TASK TO CARRY OUT:
Would you transcribe the entries below, beginning at the line with "Fleet 4.21.0 release" and ending after the line with "Melatonin-Hormonmolekül. Spielt eine", exactly, with no picture and nothing more?

GIVEN DATA:
*** Block opens ***

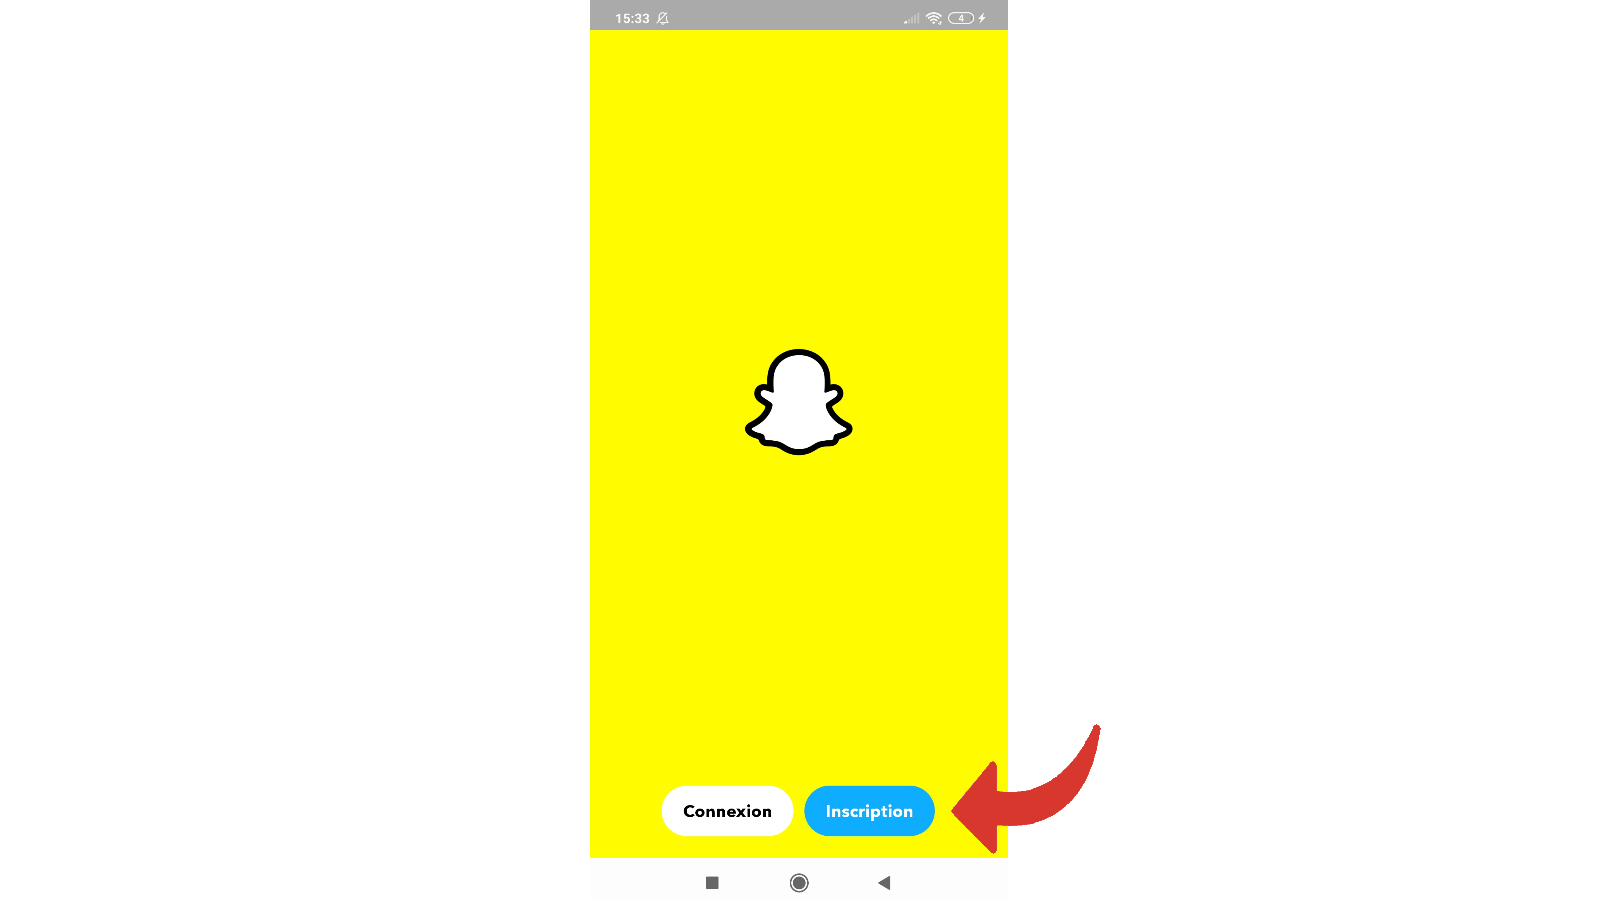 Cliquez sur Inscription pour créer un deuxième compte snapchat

*** Block closes ***
*** Block opens ***

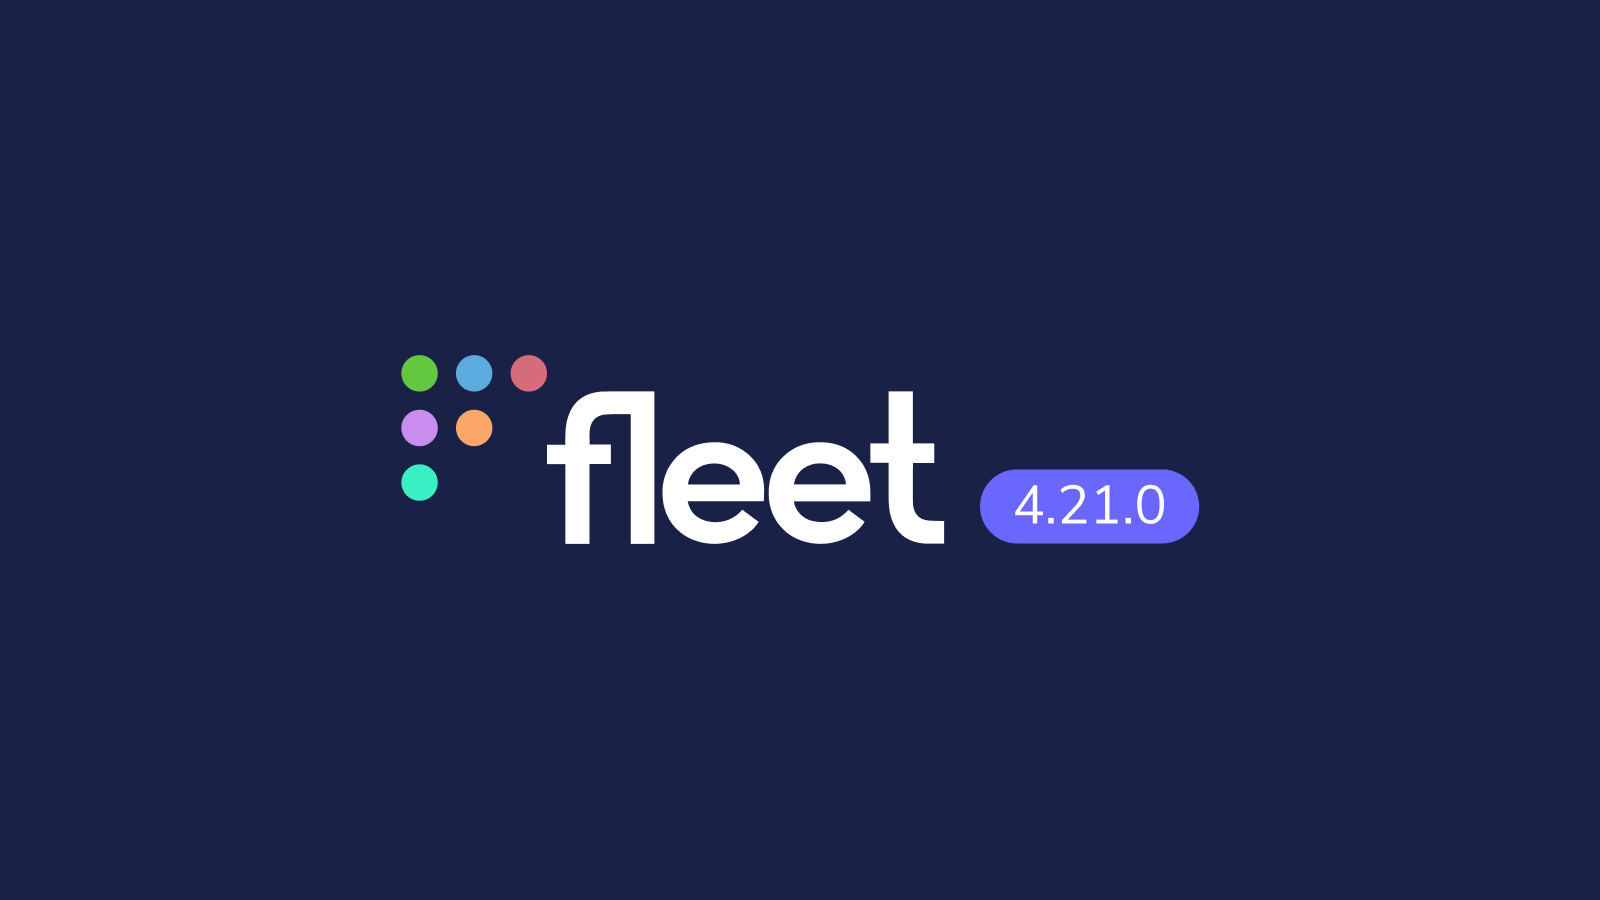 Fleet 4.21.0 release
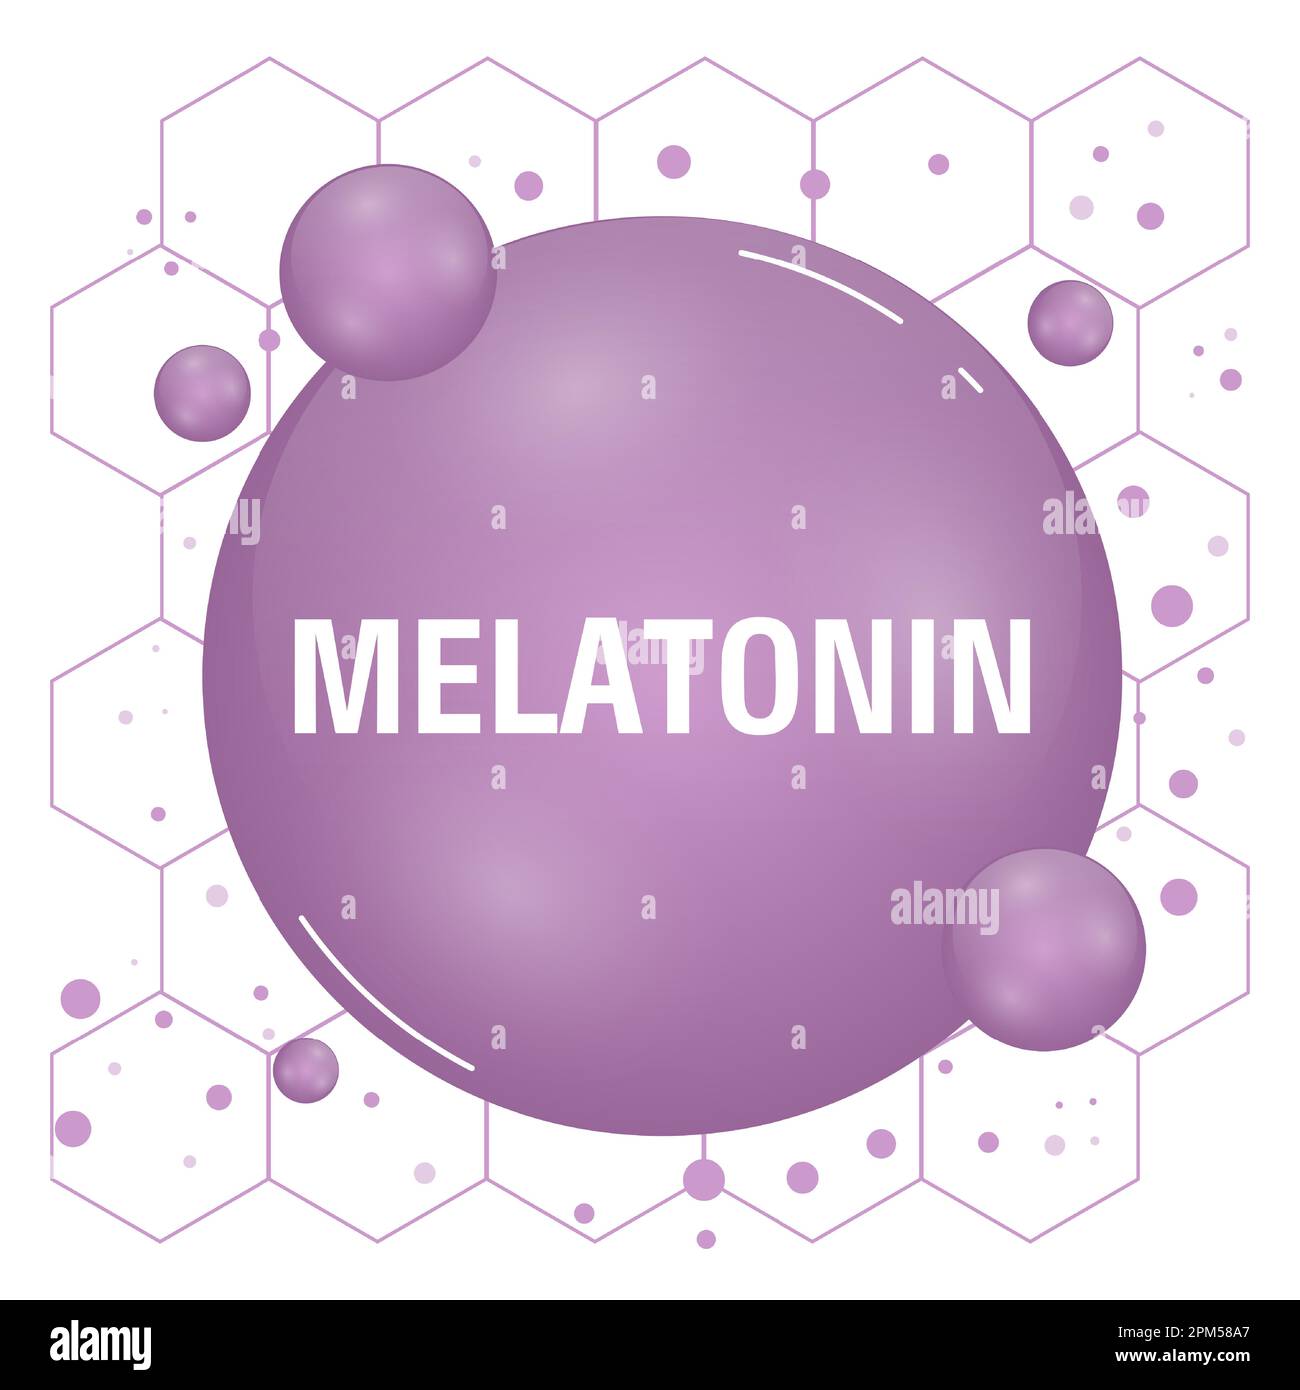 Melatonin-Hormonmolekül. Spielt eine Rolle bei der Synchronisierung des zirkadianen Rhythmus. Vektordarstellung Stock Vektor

*** Block closes ***
*** Block opens ***

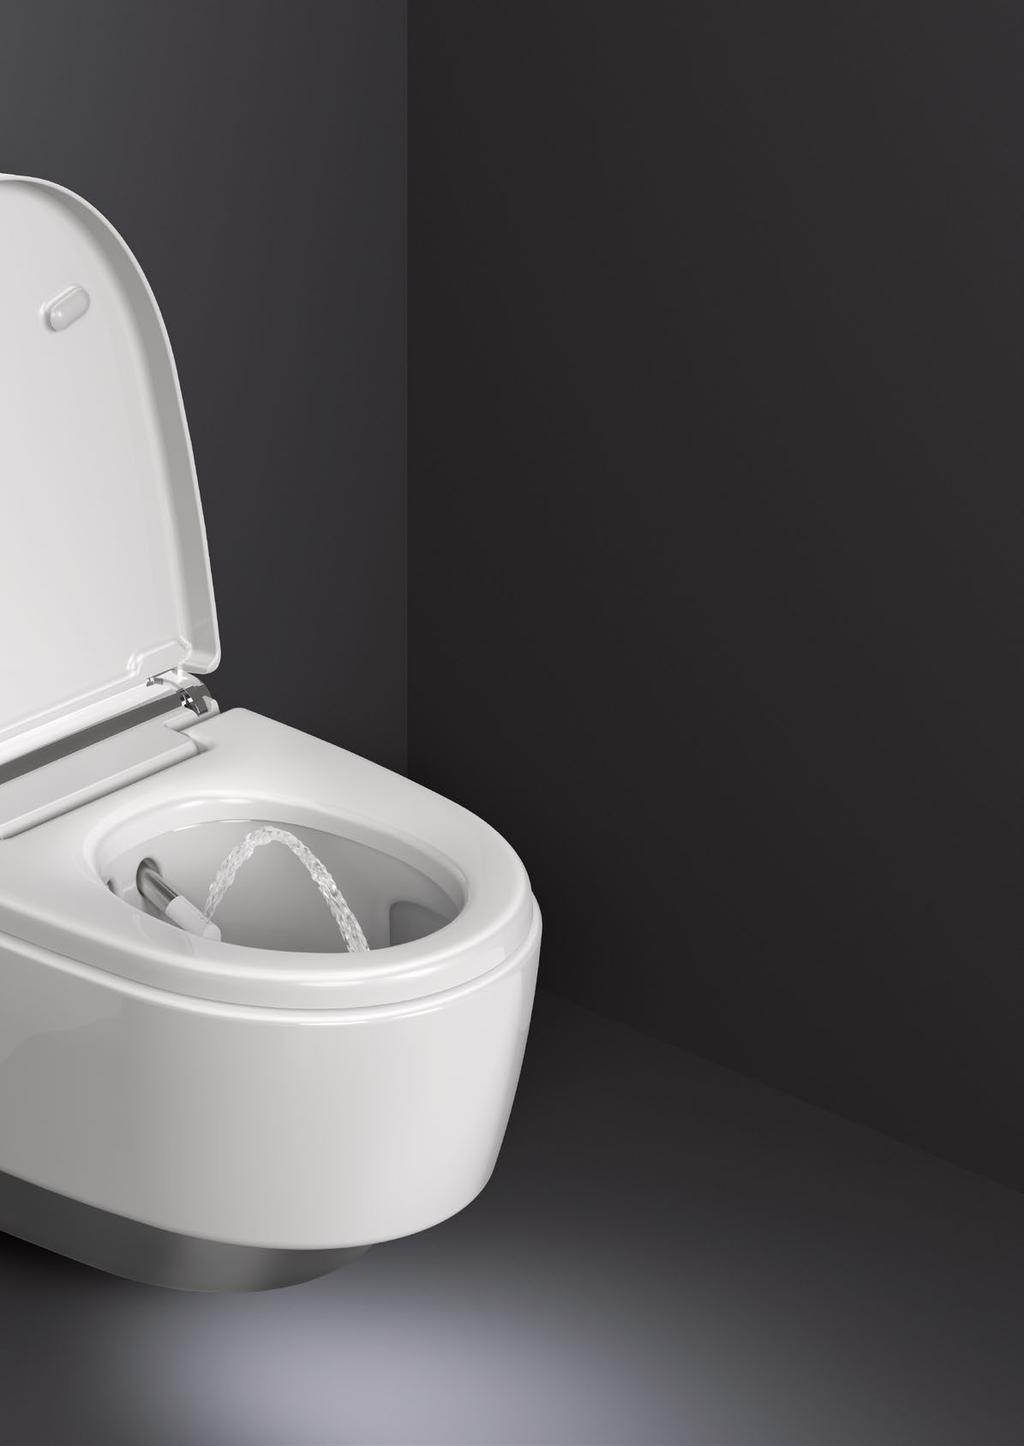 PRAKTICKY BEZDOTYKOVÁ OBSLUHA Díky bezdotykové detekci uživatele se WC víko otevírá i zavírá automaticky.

*** Block closes ***

COMPLETED EXERCISE:
 Fleet 4.21.0 release
 Melatonin-Hormonmolekül. Spielt eine Rolle bei der Synchronisierung des zirkadianen Rhythmus. Vektordarstellung Stock Vektor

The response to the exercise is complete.